In addition to the historical information contained herein, the information in this Quarterly Report on Form 10-Q contains certain “forward-looking statements” within the meaning of the securities laws.  These forward-looking statements reflect the current view of Venture Lending & Leasing VIII, Inc. (the “Fund”) with respect to future events and financial performance and are subject to a number of risks and uncertainties, many of which are beyond the Fund's control.  All statements, other than statements of historical facts included in this report, regarding the strategy, future operations, financial position, estimated revenues, projected costs, prospects, plans and objectives of the Fund are forward-looking statements.  When used in this report, the words “will”, “believe”, “anticipate”, “intend”, “estimate”, “expect”, “project” and similar expressions are intended to identify forward-looking statements, although not all forward-looking statements contain these identifying words.  All forward-looking statements speak only as of the date of this report.  The Fund does not undertake any obligation to update or revise publicly any forward-looking statements, whether as a result of new information, future events or otherwise.

The reader of this Quarterly Report should understand that all such forward-looking statements are subject to various uncertainties and risks that could affect their outcome.  The Fund's actual results could differ materially from those suggested by such forward-looking statements.  Factors that could cause or contribute to such differences include, but are not limited to, variances in the actual versus projected growth in assets, return on assets, loan losses, expenses, rates charged on loans and earned on securities investments and competition.  This entire Quarterly Report should be read to put such forward-looking statements in context and to gain a more complete understanding of the uncertainties and risks involved in the Fund's business.

Overview

The Fund is 100% owned by Venture Lending & Leasing VIII, LLC (the “Company”).  The Fund's shares of Common Stock, at $0.001 par value, were sold to its sole shareholder, the Company, under a stock purchase agreement.  The Fund has issued 100,000 of the Fund's 10,000,000 authorized shares.  The Company may make additional capital contributions to the Fund.

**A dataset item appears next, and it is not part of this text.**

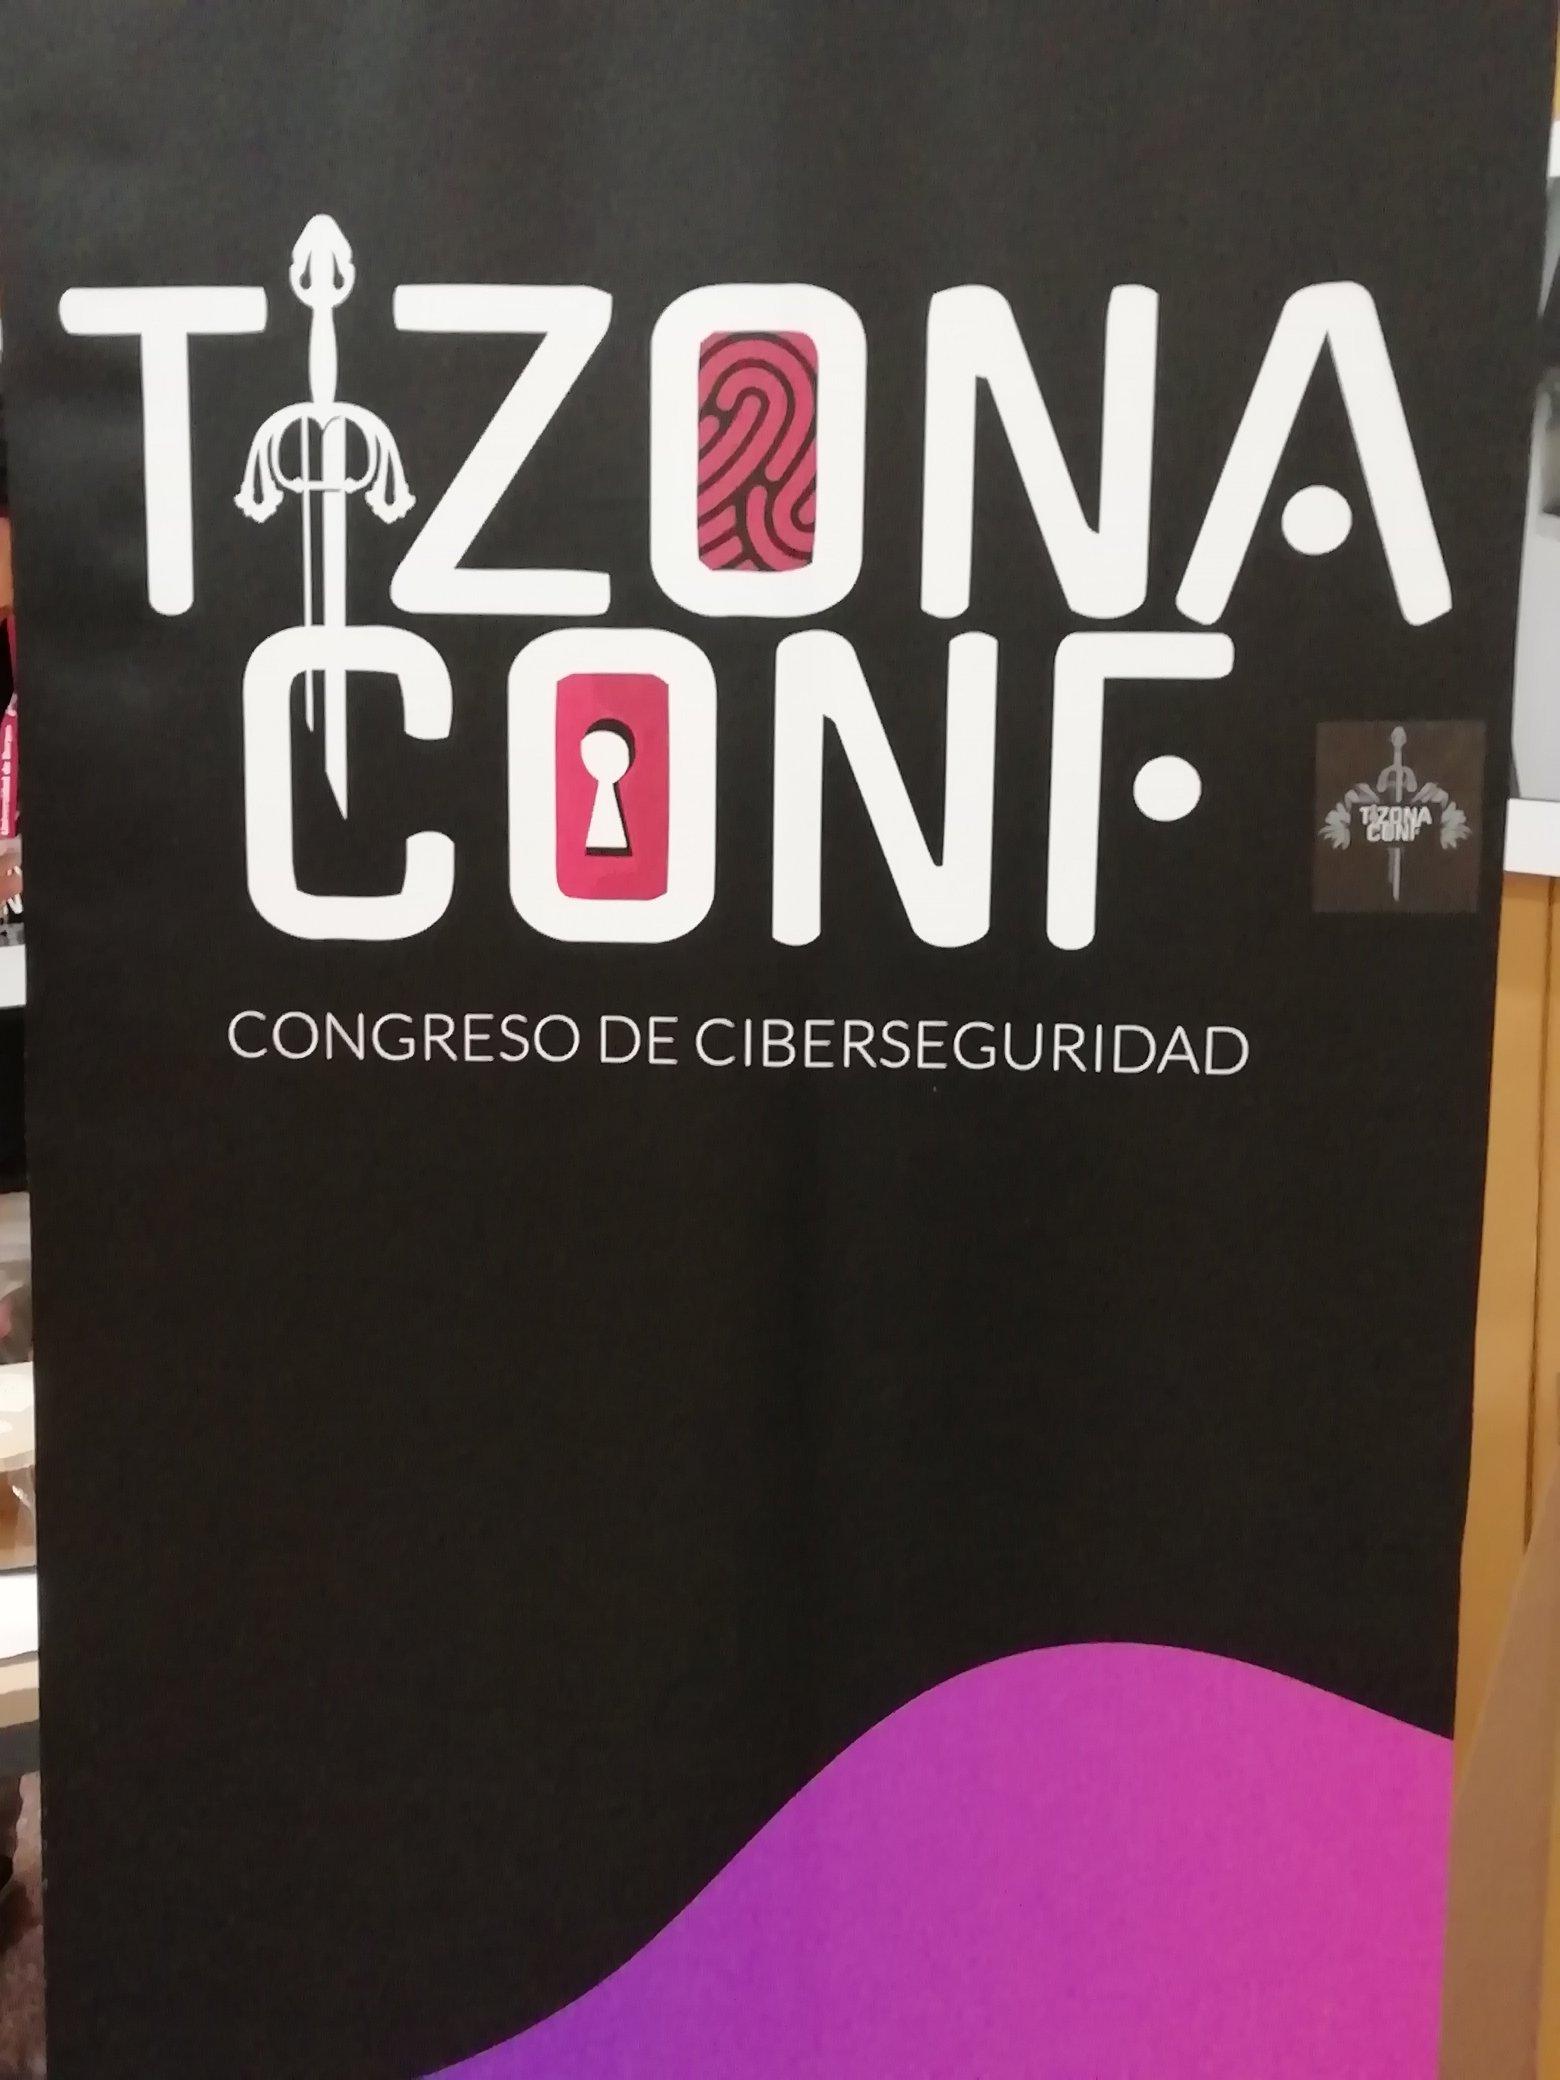 Tizona Conf

The Fund is a financial services company primarily providing financing and advisory services to a variety of carefully selected venture-backed companies primarily located throughout the United States with a focus on growth-oriented companies.  The Fund's portfolio is expected to become more diversified and consists of companies in the communications, information services, media, and technology, including software and technology-enabled business services, bio-technology, and medical devices industry sectors, among others.  The Fund's capital is generally used by its portfolio companies to finance acquisitions of fixed assets and/or for working capital.  On August 12, 2015, the Company called and received its first capital, and the Fund started its investment activities. On August 31, 2015, the Fund completed its first closing of capital contributions. On September 1, 2015, the Fund made its first investments, and became a non-diversified, closed-end investment company that elected to be treated as a business development company under the Investment Company Act of 1940.  The Fund expects to elect to be treated for federal income tax purposes as a Regulated Investment Company (“RIC”) under the Internal Revenue Code (the "Code").  Pursuant to this election, the Fund generally will not have to pay corporate-level taxes on any income it distributes to the Company as dividends, allowing the Company to substantially reduce or eliminate its corporate-level tax liability.

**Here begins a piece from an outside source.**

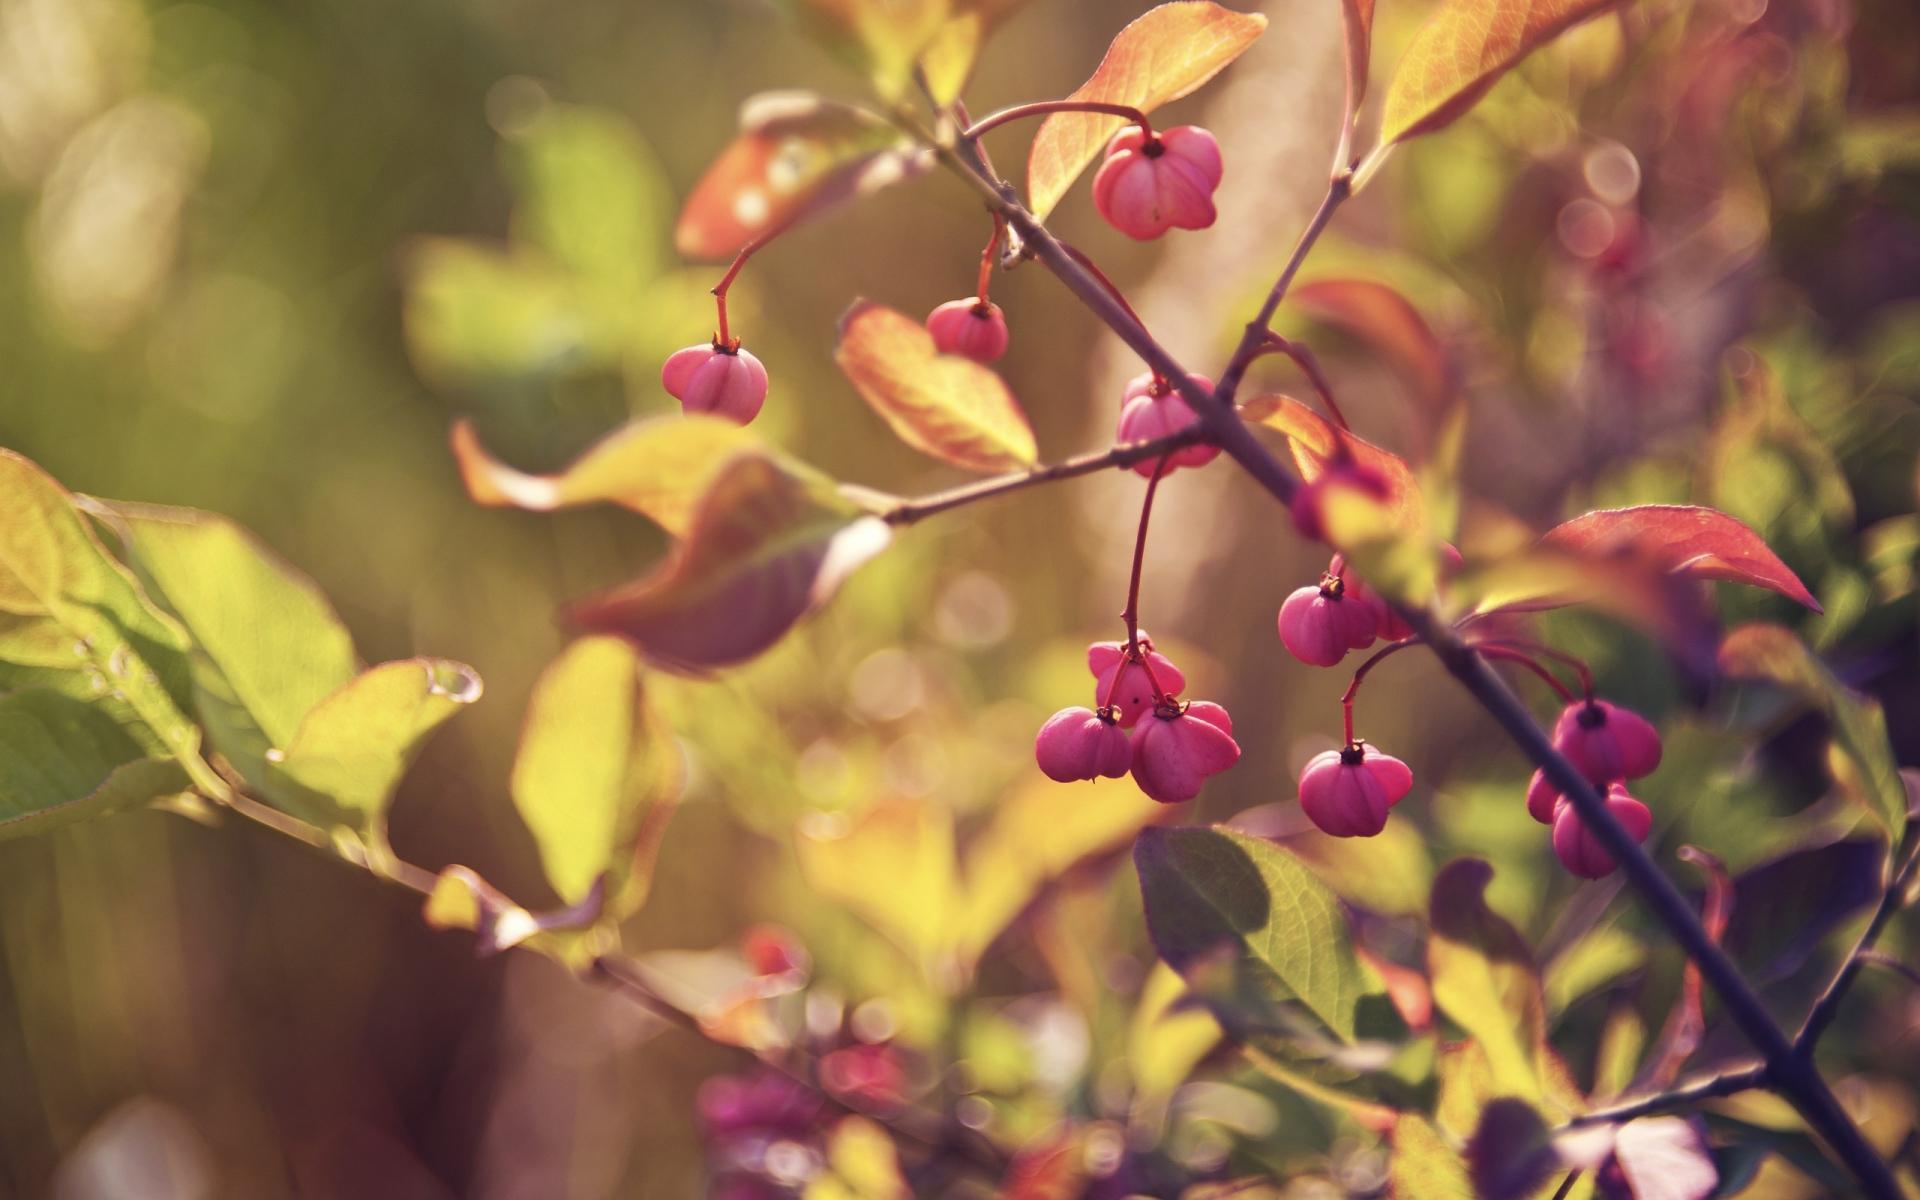 Картинки Ветви, листья, ягоды, цветы фото и обои на рабочий стол

The Fund will seek to meet the ongoing requirements, including the diversification requirements, to qualify as a RIC under the Code.  If the Fund fails to meet these requirements, it would be taxed as an ordinary corporation on its taxable income for that year (even if that income were distributed to the Company) and all distributions out of its earnings and profits would be taxable to the Members of the Company as ordinary income; thus, such income would be subject to a double layer of tax.  There is no assurance that the Fund will meet the ongoing requirements to qualify as a RIC for tax purposes.

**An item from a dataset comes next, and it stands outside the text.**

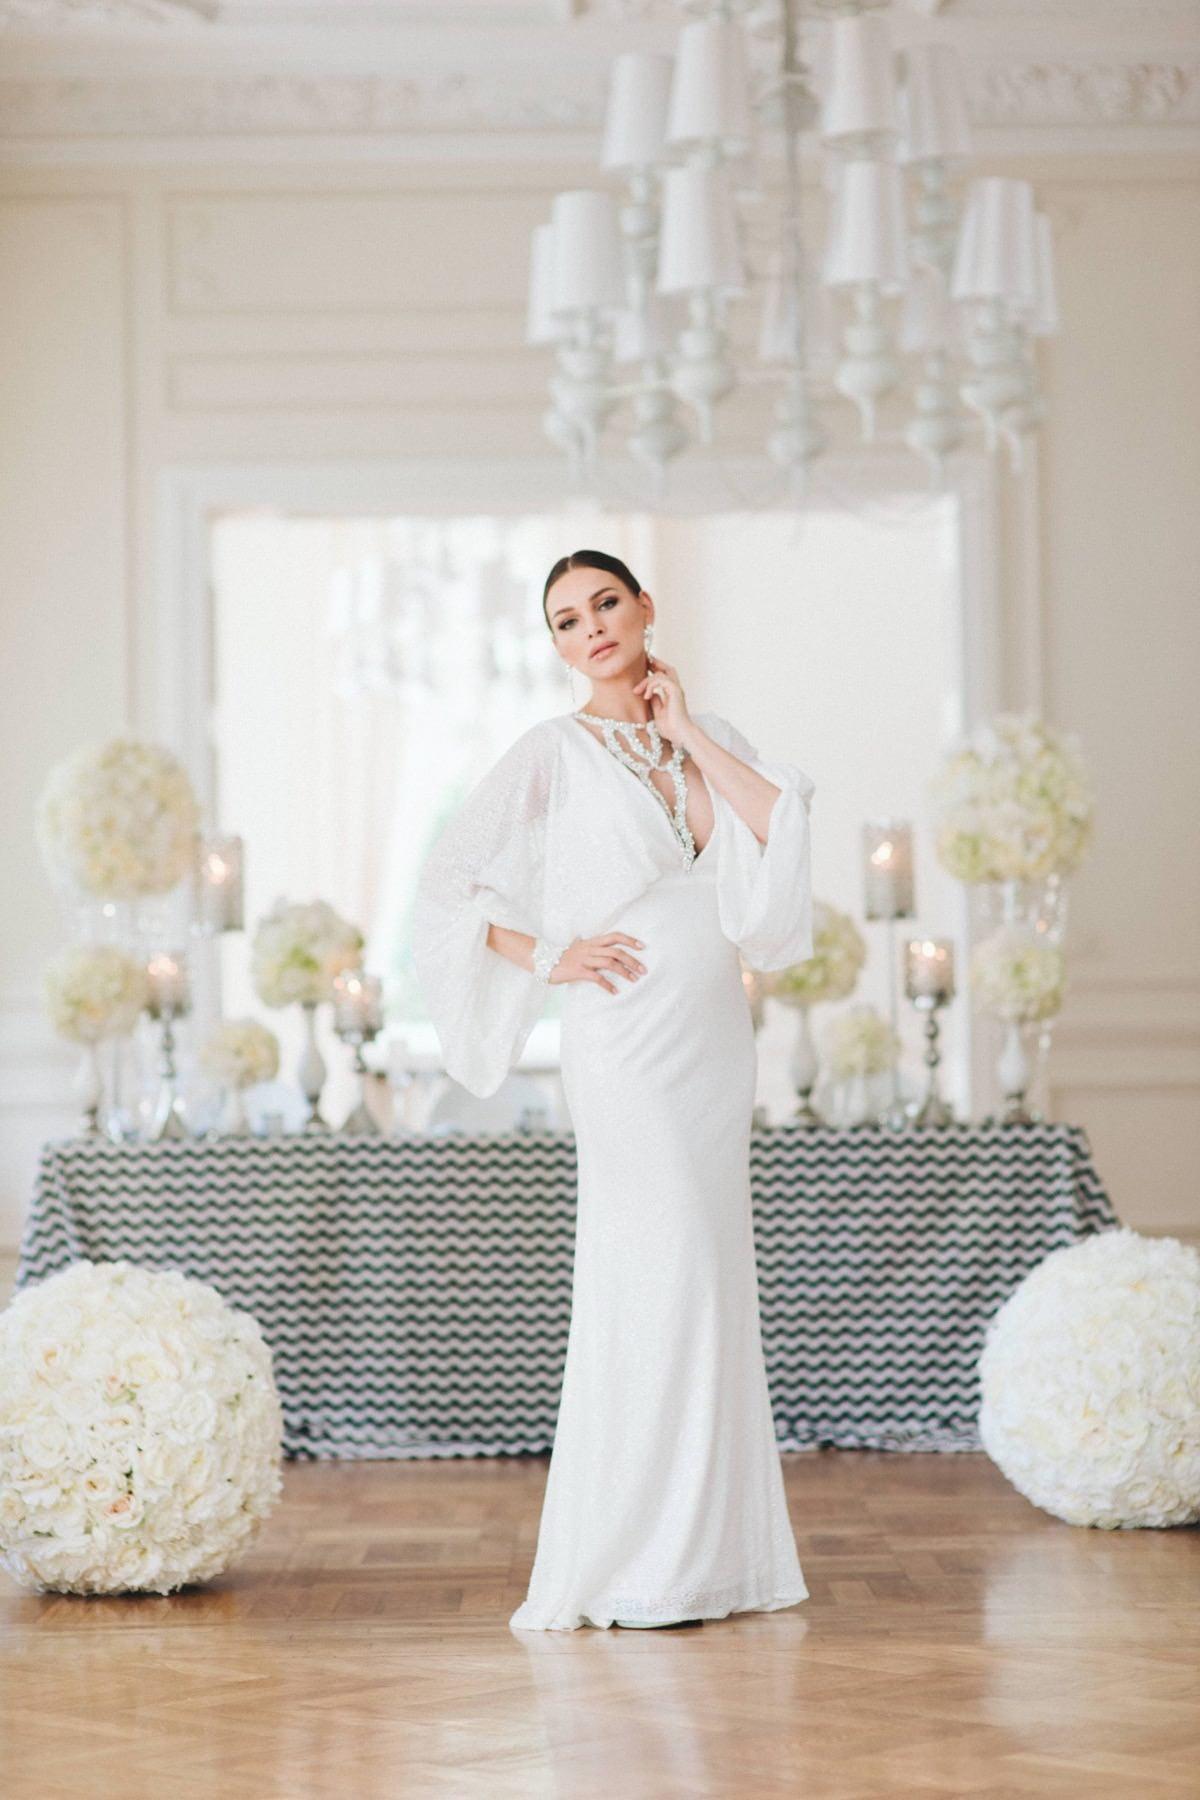 suknia ślubna, moda ślubna, glamour panna młoda

The Fund's investment objective is to achieve superior risk adjusted investment returns.  The Fund seeks to achieve its investment objective by providing debt financing to portfolio companies.  Since inception, the Fund's investing activities have focused primarily on private debt securities.  The Fund generally receives warrants to

15



acquire equity securities in connection with its portfolio investments.  The Fund generally distributes these warrants to its shareholder upon receipt.  The Fund also has guidelines for the percentages of total assets which will be invested in different types of assets.

The portfolio investments of the Fund consist of debt financing to venture-capital backed companies.  The borrower's ability to repay its loans may be adversely impacted by a number of factors, and as a result, the loan may not fully be repaid.  Furthermore, the Fund's security interest in any collateral over the borrower's assets may be insufficient to make up any shortfall in payments.

 Transactions with Venture Lending & Leasing VII, Inc. (“Fund VII”)  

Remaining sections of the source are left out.